Page tree
Skip to end of metadata
Go to start of metadata

Summary: This page provides information about the Action Plan Recommendation feature.

This feature is currently in BETA.

Introduction

The Action Plan Recommendation is a feature designed to help you automatically build an Action Plan to improve the score of a chosen Health Factor (Business Criteria). In short, for a given Health Factor, you can configure one of the "remediation targets" listed below and the Action Plan Recommendation will automatically suggest a list of violations to be added to the Action Plan for future correction. The correction of the suggested violations will match the desired remediation target when a new snapshot is generated and therefore improve the grade of the chosen Health Factor. Available remediation targets:

  • The number of violations you want to fix, OR
  • The amount of effort in man/days you would like to "spend" on fixing the violations
  • The feature requires a login with the QUALITY_MANAGER role.
  • This feature supports Health Factors introduced by the following industry standard extensions:
  • This feature is supported only in AIP versions 8.3.29 
  • This feature does not work for old snapshots (the "APR" and "download data as excel file" icons  are disabled)

How does it work?

The Action Plan Recommendation uses an optimization algorithm to build an Action Plan according to the target you want to achieve. This algorithm functions as follows for each of the available remediation targets:

  • You select a specific number of violations to fix: the system will search for an Action Plan (i.e. a list of violations) that matches (where possible) the selected number of violations and that maximizes the grade/score of the chosen Health Factor.
  • You select a specific effort: the system will search for an Action Plan (i.e. a list of violations) that matches with the selected total effort and that maximizes the grade/score of the chosen Health Factor.

This algorithm attempts to solve a "combinatorial optimization problem". This means that the perfect solution (i.e.

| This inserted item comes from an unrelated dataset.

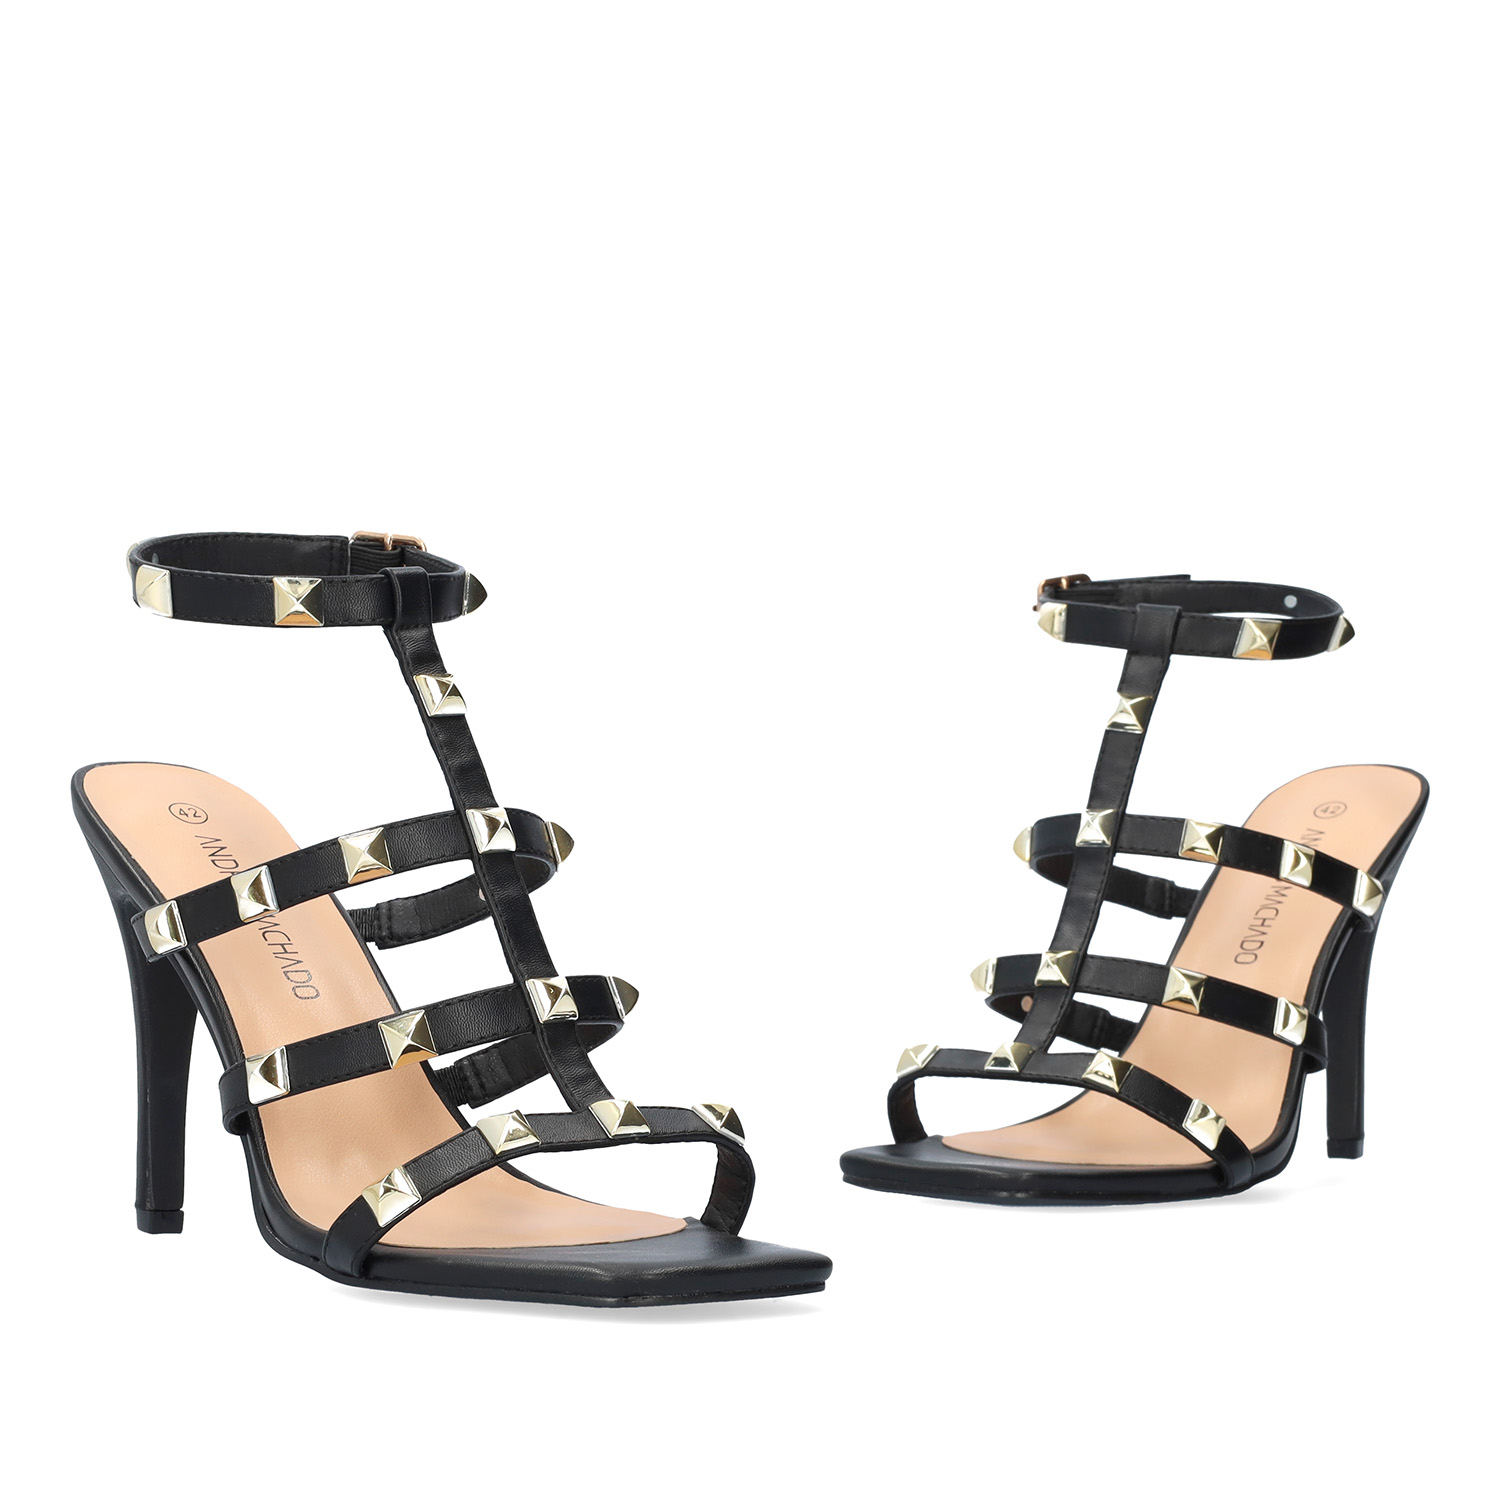 Soft black coloured hig heels sandals

Action Plan or list of violations) is unknown, and the algorithm will try to find the very best solution it can by selecting the best result using the three heuristics (grade/score, number of violations and effort). As a result, the algorithm may find a solution (i.e. Action Plan or list of violations) which may differ slightly from your requested remediation target.

Notes:

  • As soon you re-select or deselect a rule in the interface the algorithm will re-compute the action plan recommendation. Depending on the rules you have already excluded, some rules may be added/removed by the algorithm compared to a previous recommendation.
  • The effort is calculated for a number of objects and does not depend on the number of objects to fix (especially for cost complexity).
  • An effort "unit" is set by a hard coded rule. The value of the effort unit depends on the parent Technical Criterion of the rule.
  • By default, all rules that belong to the same Technical Criterion are set with the same effort unit.
  • By default, an initial remediation target is set when the interface is first opened - this is to correct one violation - if you already have violations added to Action Plan, this initial remediation target will be set to correct one additional violation.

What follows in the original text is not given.